I received an email asking why I prefer IPMI over snmp.
IPMI is more powerful, more flexible and provides better information… let’s have a look at some examples:
Investigating a restart without logging directly into the ILOM interface:
ipmitool -I lanplus -H 192.169.4.1 -U my_user -P my_password chassis restart_cause
System restart cause: chassis power control command
Checking whether the locate flashing LED is ON or OFF:
ipmitool -I lanplus -H 192.169.4.1 -U my_user -P my_password sunoem led get LOCATE
LOCATE | ON
Event list:
ipmitool -I lanplus -H 192.169.4.1 -U my_user -P my_password sel list
1 | 09/28/2015 | 20:35:35 | Power Supply #0xb8 | State Asserted | Asserted
2 | 09/28/2015 | 20:35:36 | Power Supply #0xb7 | State Asserted | Asserted
3 | 09/28/2015 | 20:35:46 | Power Supply #0xb8 | State Deasserted | Asserted
4 | 09/28/2015 | 20:35:47 | Power Supply #0xb7 | State Deasserted | Asserted
5 | 09/28/2015 | 21:17:47 | Power Supply #0xb8 | State Asserted | Asserted
6 | 09/28/2015 | 21:17:48 | Power Supply #0xb7 | State Asserted | Asserted
7 | 09/28/2015 | 21:17:59 | Power Supply #0xb8 | State Deasserted | Asserted
8 | 09/28/2015 | 21:18:00 | Power Supply #0xb7 | State Deasserted | Asserted
9 | 09/28/2015 | 21:39:49 | Power Supply #0xb4 | State Deasserted | Asserted
a | 09/28/2015 | 21:39:51 | Power Supply #0xb2 | State Deasserted | Asserted
b | 09/28/2015 | 21:39:51 | System ACPI Power State #0x0f | S0/G0: working | Deasserted
We can check all of them or clear all of them:
ipmitool -I lanplus -H 192.169.4.1 -U my_user -P my_password sel clear
Clearing SEL. Please allow a few seconds to erase.
Chaining more commands:
ipmitool -I lanplus -H 192.169.4.1 -U my_user -P my_password sunoem cli "show /SP/powermgmt/ actual_power" "show /SP/services"

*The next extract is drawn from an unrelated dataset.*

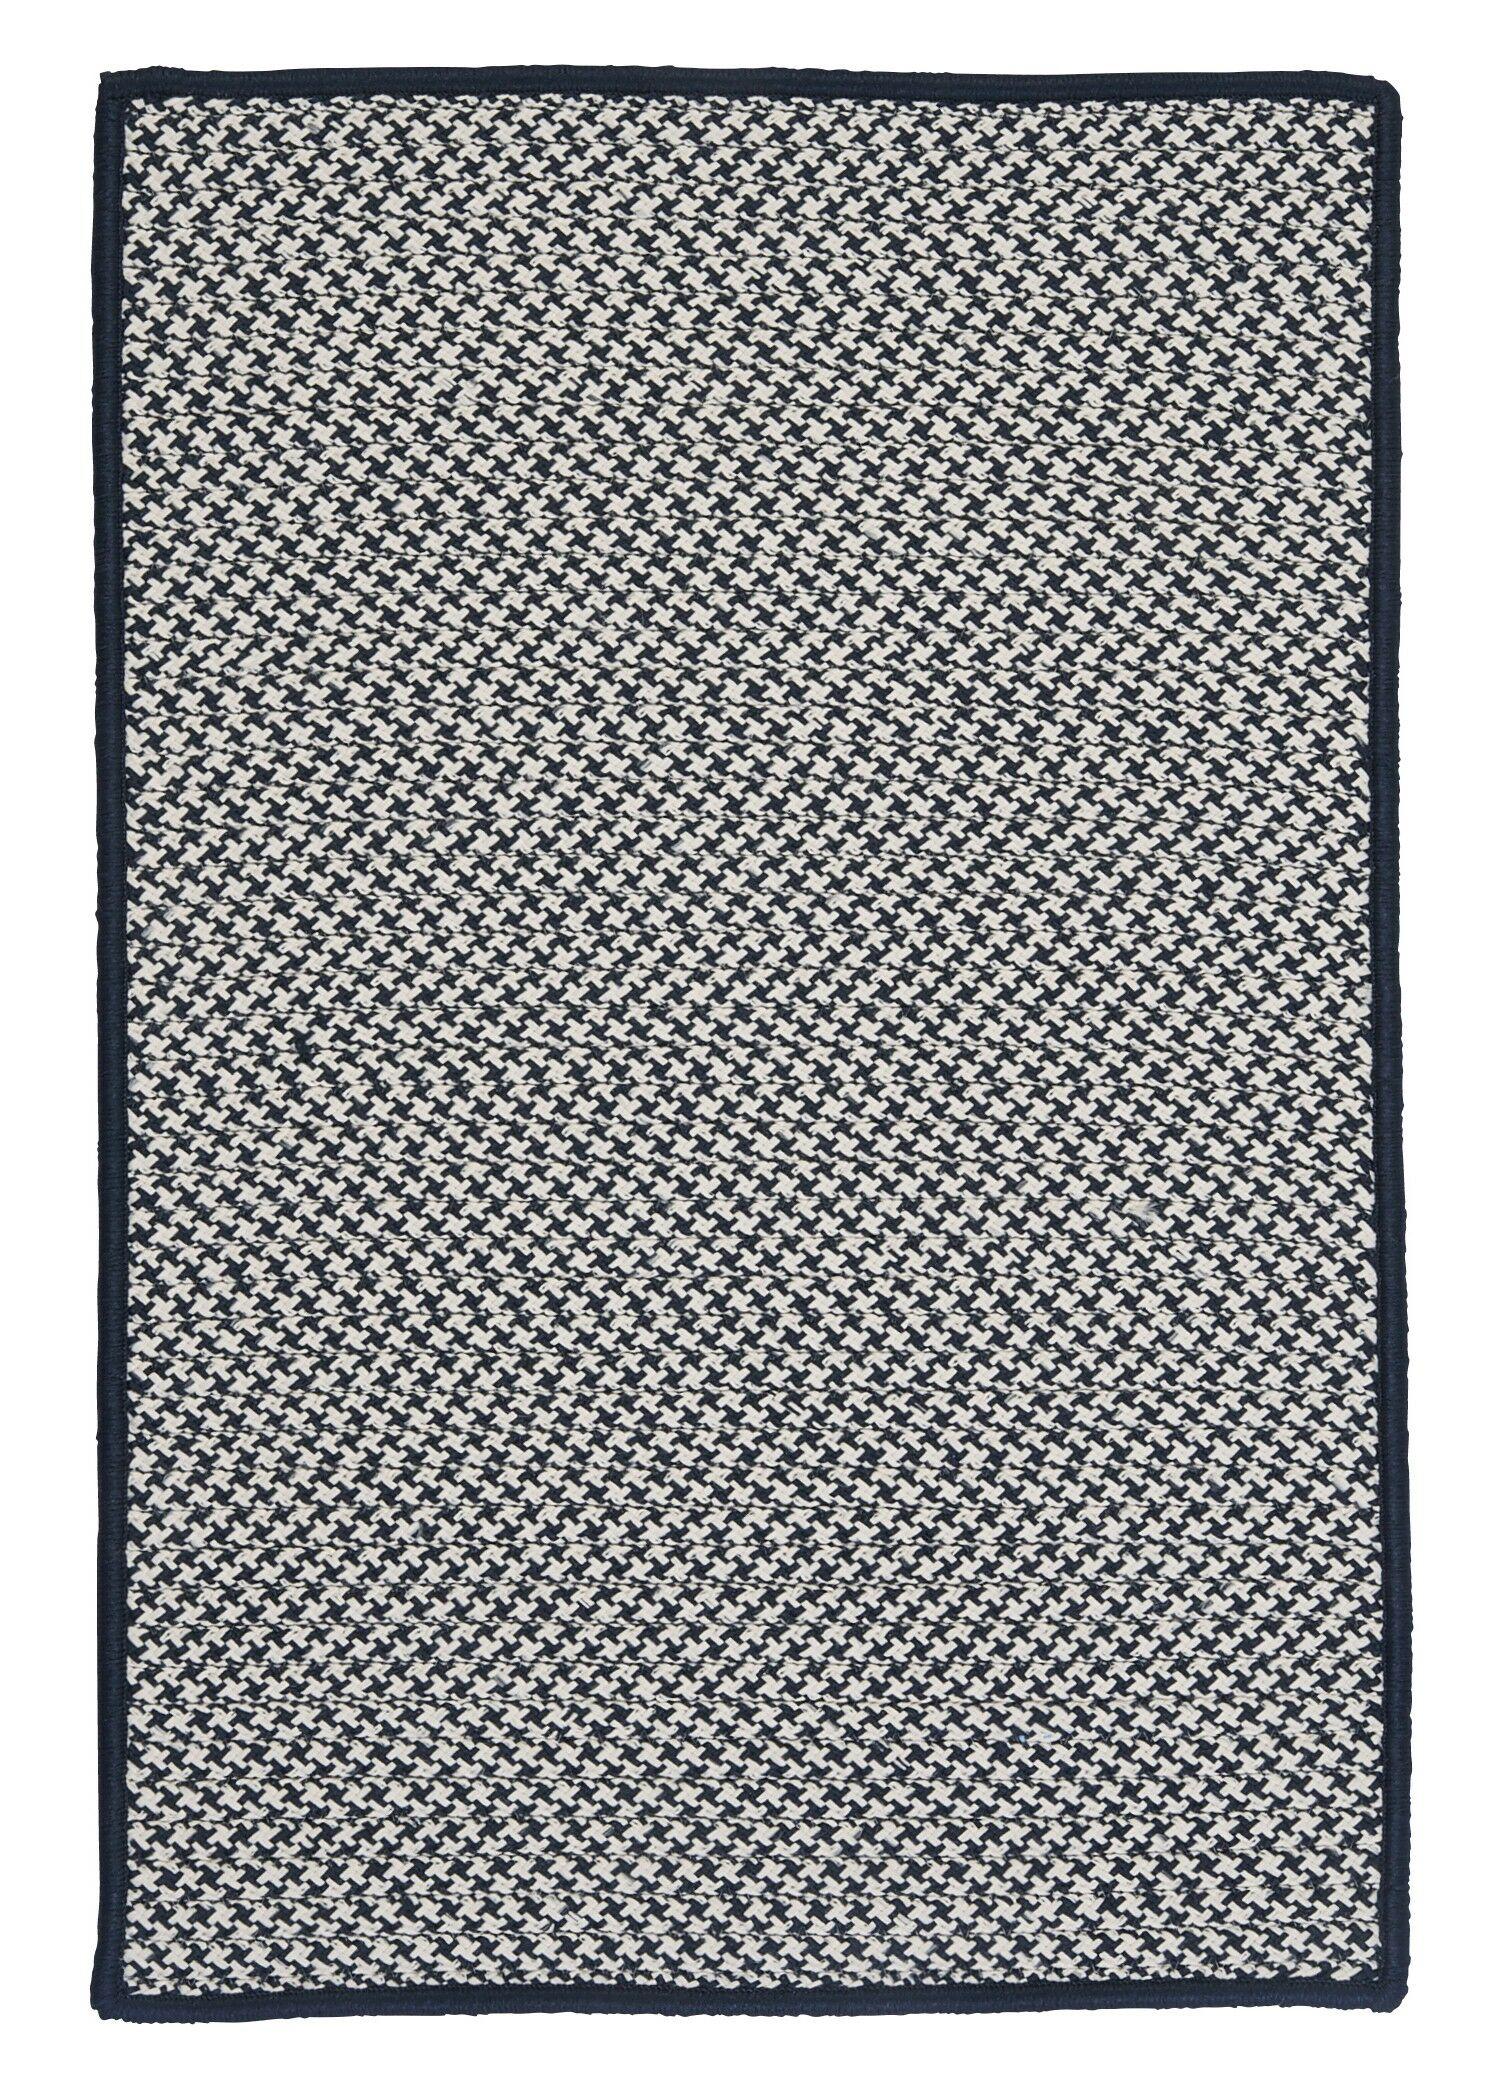 Outdoor Houndstooth Tweed Navy Rug Rug Size: Rectangle 2' x 4'

Connected. Use ^D to exit.
-> show /SP/powermgmt/ actual_power
/SP/powermgmt
Properties:
actual_power = 741
-> show /SP/services
/SP/services
Targets:
http
https
ipmi
kvms
servicetag
snmp
ssh
sso
Check if a PSU has faulted:
ipmitool -I lanplus -H 192.169.4.1 -U my_user -P my_password sunoem cli "show /SYS/PSU_FAULT"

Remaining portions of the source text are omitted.